As she sat opposite him at the table laden with sketches and albums, she began to draw as she talked, her face bending over the paper, her unmanageable curls shading her shapely little head. She was no longer the beautiful crouching monster, with the frowning anxious face, lamenting her own destiny; but a woman, a true woman, who loves and seeks to charm. Paul forgot all his suspicions then, in presence of such sincerity and grace. He was on the point of speaking, of pleading with her. It was the decisive moment. But the door opened and the little servant appeared.

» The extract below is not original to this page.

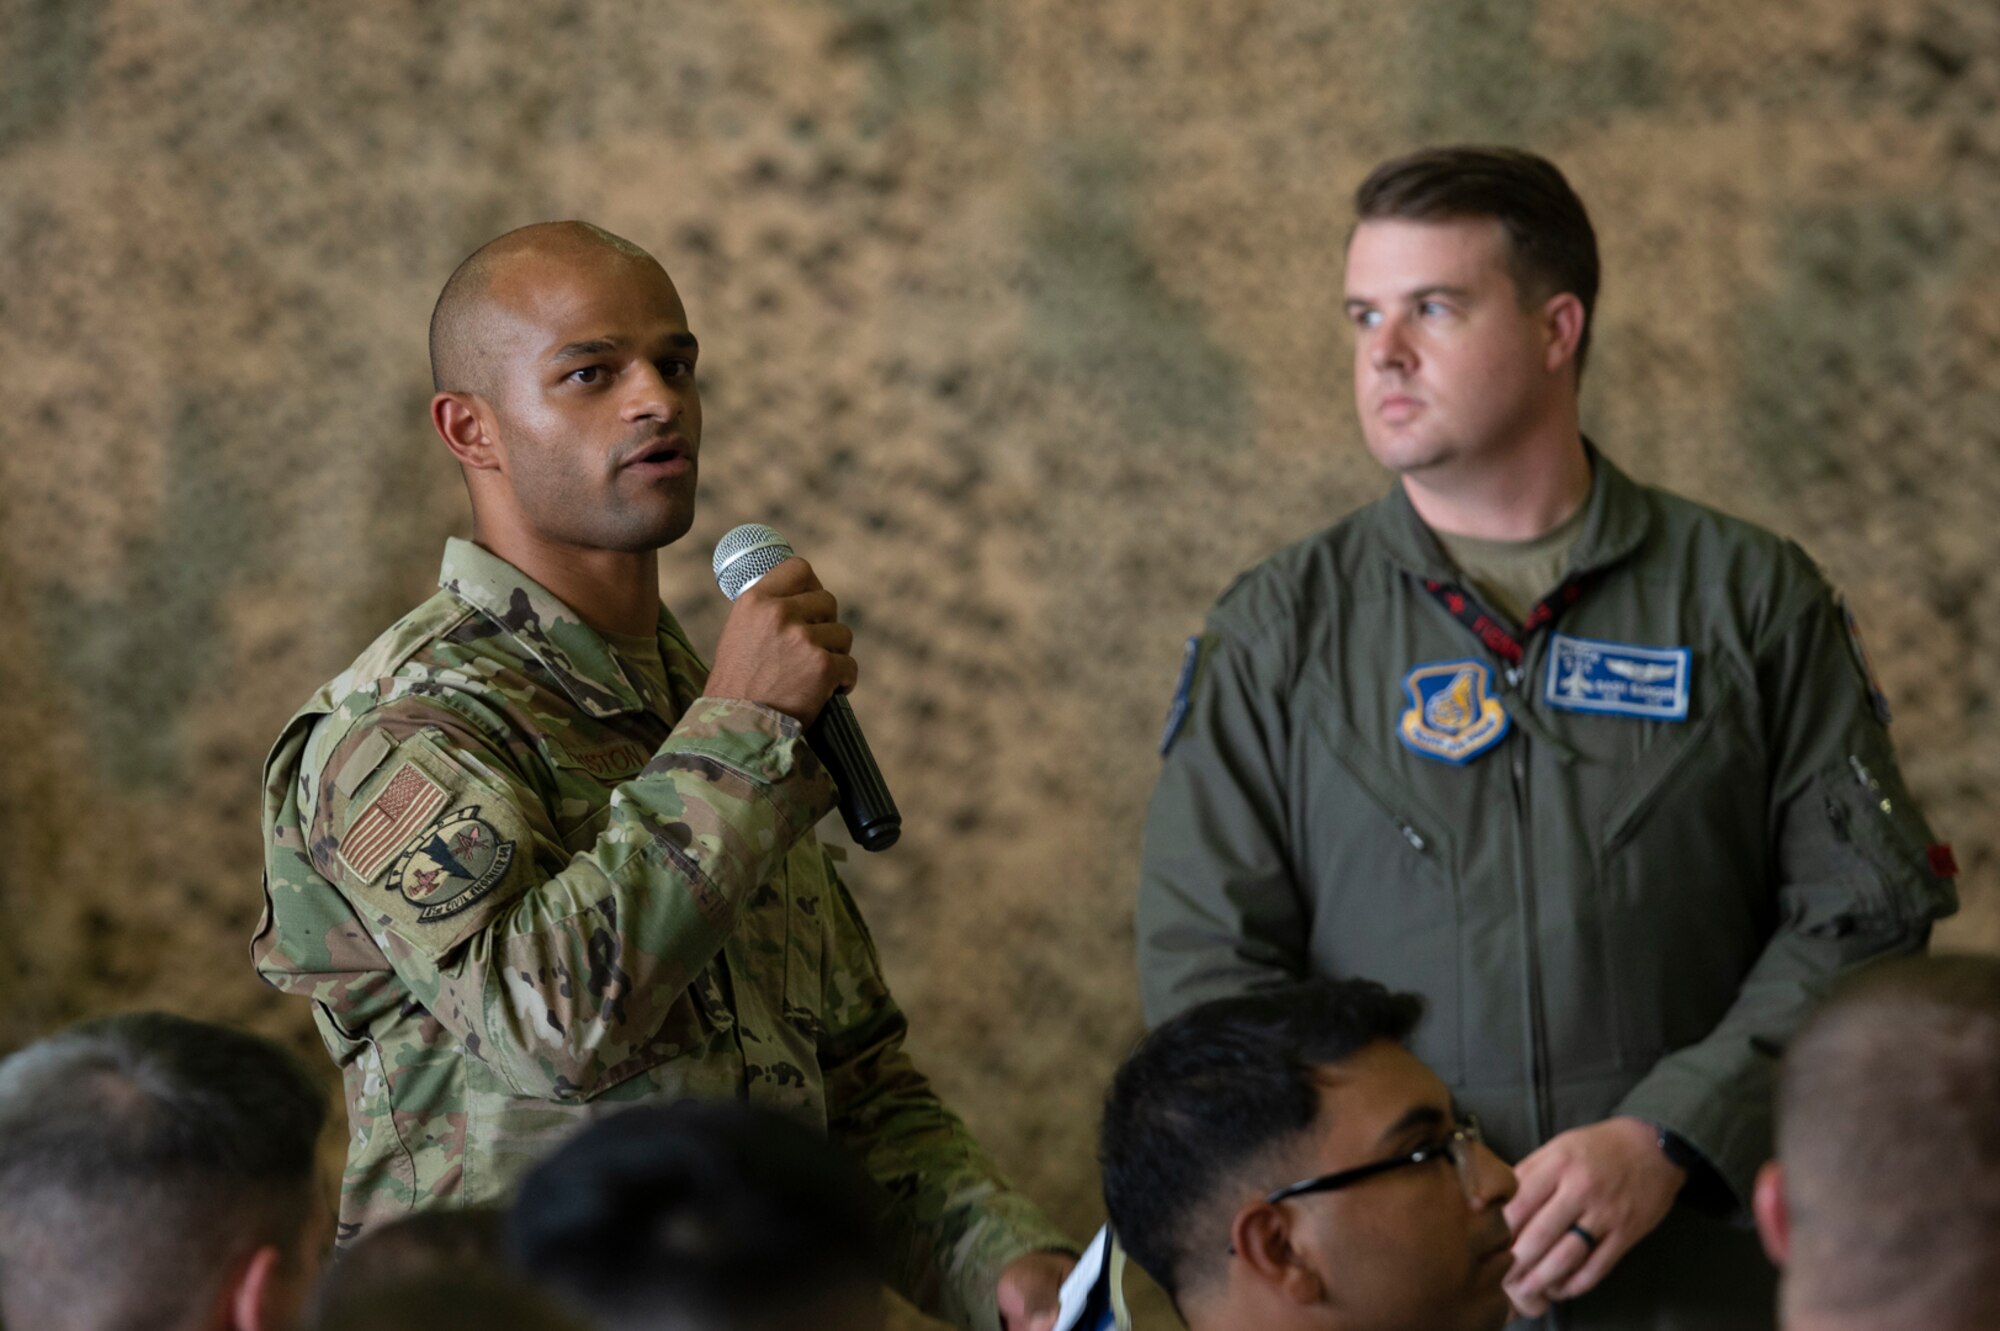 An Airman assigned to the 51st Fighter Wing asks Air Force Chief of Staff Gen. CQ Brown, Jr., a question during the Q&A portion of an all-call at Osan Air Base, Republic of Korea, Aug. 12, 2022.

Monsieur le Duc had sent to ask if Mademoiselle were still suffering from her sick headache.

"Just as much as ever," she said testily.

When the servant had gone, there was a moment's silence between them, a freezing pause. Paul had risen. She went on with her sketch, her head still bent.

He walked away a few steps, then returned to the table and asked gently, astonished to find that he was so calm:

"Was it the Duc de Mora who was to dine here?"

"Yes—I was bored—a day of spleen. Such days are very bad for me."

"Was the duchess to come?"

"The duchess? No. I don't know her."

"Well, if I were in your place, I would never receive in my house, at my table, a married man whose wife I did not meet in society. You complain of being abandoned; why do you abandon yourself? When one is without reproach, one must keep oneself above suspicion. Do I offend you?"